Robot Wasteland is a serial that I started a while back, based on an RPG I developed of the same name (did not get sold or anything, I just ran it for a bit - so if anybody wants to publish it, you let me know), in which humanity was all but wiped out by a DARPA experiment to create Energetically Autonomous Tactical Robots (An actual real-world DARPA submission, and Yes, the acronym for that is E.A.T.R.) gone completely wild.

A couple of decades after the fall of mankind, surviving humanity has to hide, and survive, in the wasteland left by the rampaging robots who consume any organic material they can find, avoiding the metal monstrosities referred to variously as devourers, eaters, metal, etc.

But maybe there is hope.

Fewer devourers are active as time goes by, their processors fried, or their conversion chambers empty for too long.The Factories, giant moving fortresses that churned out devourers, are a thing of the past.

Maybe it is time for Mankind to stop hiding and reclaim the Robot Wasteland.
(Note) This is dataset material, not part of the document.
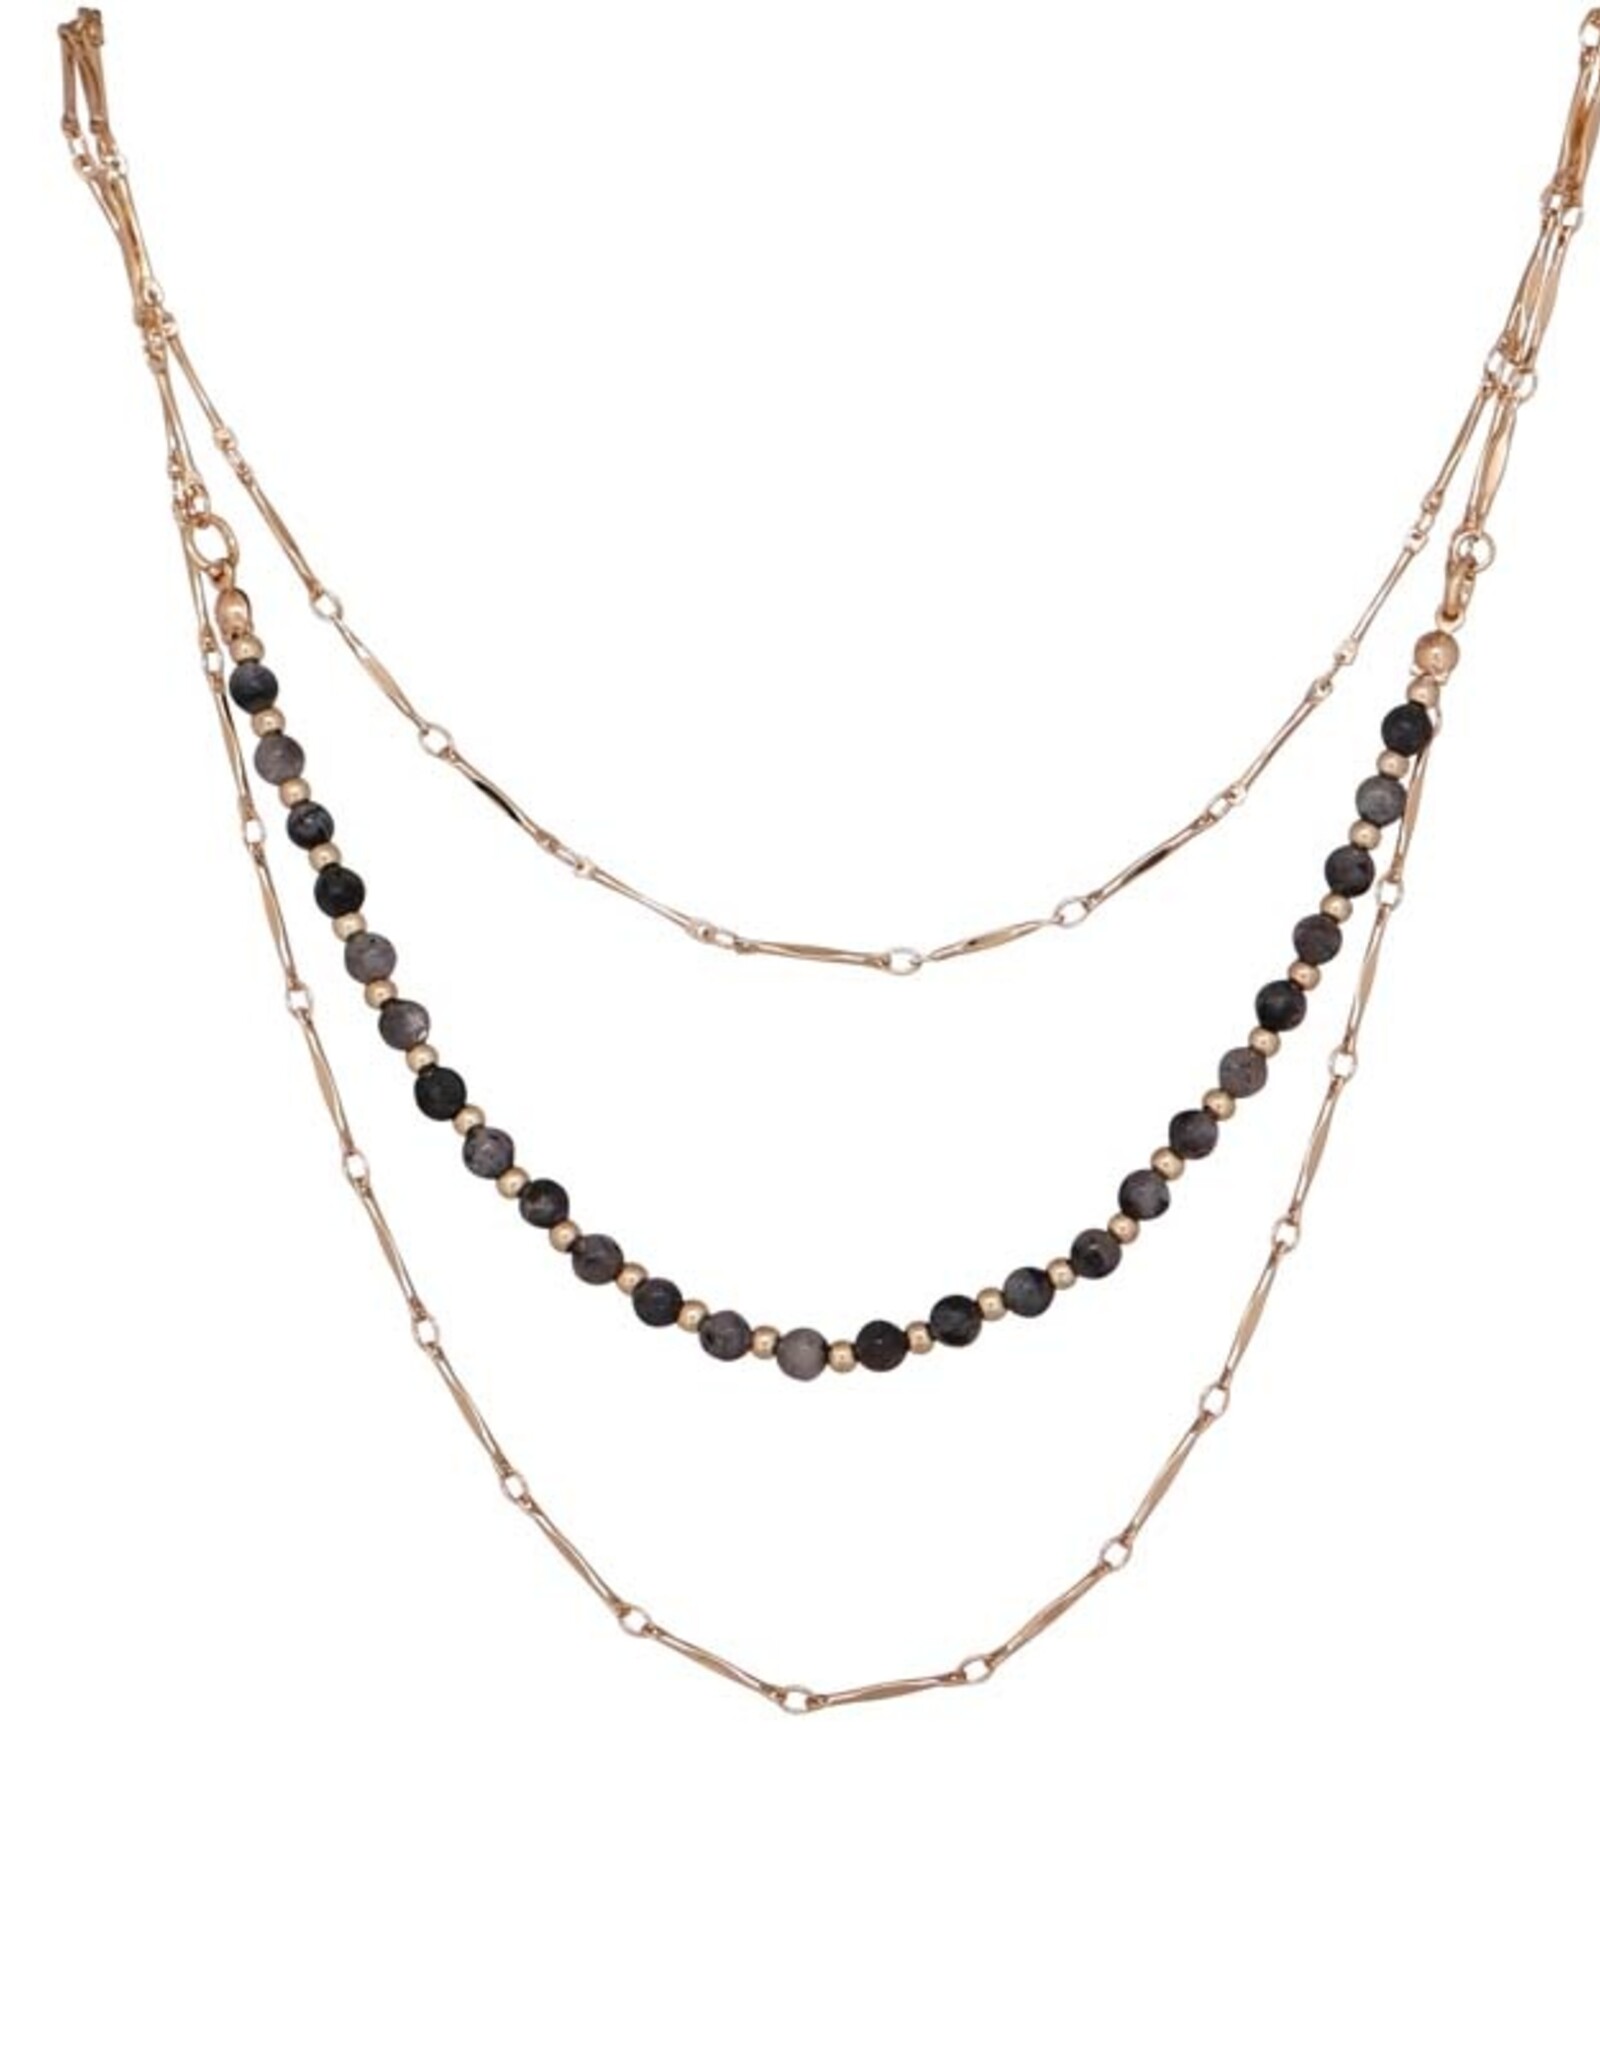 Merx Inc. Fashion Chain Necklace Gold Grey Agate 45+5CM ext
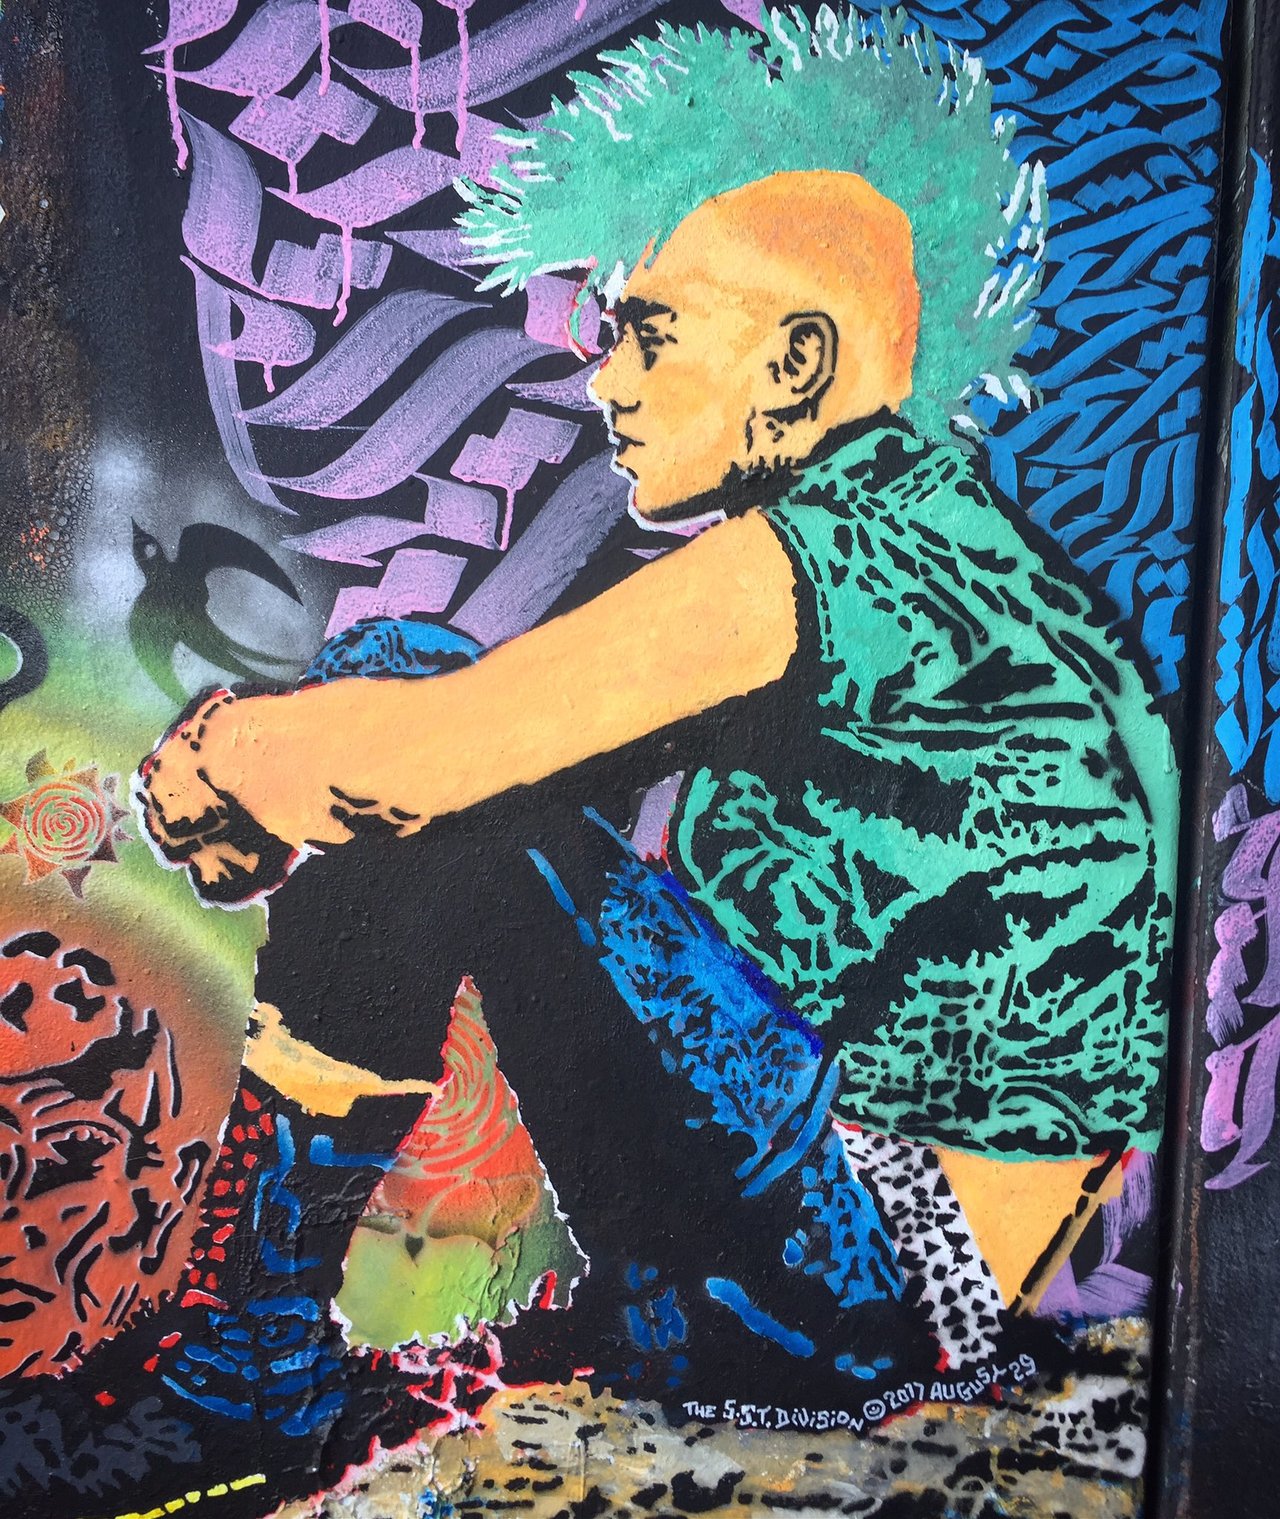 NO FUTURE by #SSTDivision #stencil #punk #nofuture #streetart #graffiti #graff #spray #bombing #sprayart #wall #urbanart #urbanwalls https://t.co/wyxYYLuBej

In Part Five, Kaz, Roark and Linnie, ran afoul of a group of scrappers out of Junkyard, led by a nasty character that Kaz knew personally named Callum. Attempting to buy off the scrappers doesn't go so well  . . .

 

Homecoming

 

Coughing and all but sightless, Kaz dove through the space that Roark had occupied a moment before – before he had roared and charged from cover toward several men with rifles and crossbows – out of the yellow cloud, and into the open.

            Not that she could see.  Her eyes streamed tears. The cool breeze told her she was exposed. Flat on the ground, arms and legs outstretched, belly scraping the dirt, she lizard-walked, as Jules used to call it.

            Her training saved her. She heard the crack of the shot, felt the bullet cut the air over her spine before whining from the hard-packed ground beyond.

            Judging from the direction of the bellowing, Roark was somewhere between her and the shooters. Berserk mountain of flesh or not, his life expectancy was measured in heartbeats if she didn’t do something. Bel’s bow was back in the cloud where she dropped it, useless without an arrow. Fritz’s scattergun was scraping the dirt under her hip. Neither it nor the holstered beamer was of any use this far away. She had to get closer to the action before Roark collected too many projectiles – and so she could see what needed shooting

            Kaz sprang to her feet. The ground was a blur, she ran anyway, zigzagging over the flat, adjusting to the feel of the earth beneath her boots. Her breath control, fast and very shallow, held coughing spasms at bay, but she grew dizzy in a half dozen strides, lungs ready to burst.

            The sound of gunfire blotted out the silent death of crossbow shots. But nothing came her way. Nor did they alter the timber of the tribesman’s rage. Roark was still up there, making noise and attracting attention, but that couldn’t last.

            Contracting her diaphragm, she expelled all the air in her throat and lungs, inhaled deeply of the comparatively clean air of regular, everyday Nomansland, and kept from coughing by an effort of will as she abandoned her evasive pattern for a straight run as fast as she could toward her ally’s war-cry. She needed to be close for the scattergun or beamer.

            Hell, with her eyes they way they were, she had to be on top of them to be able to see at all.

            Running all out, nearly blind, even with years of acrobatics and balance training, stumbling was inevitable. Her toe caught on something. The next things she knew she was falling. Tucking her head she rolled into a somersault, one knee bent, the other leg straight, hoping to step out of it like she had when evading the raider.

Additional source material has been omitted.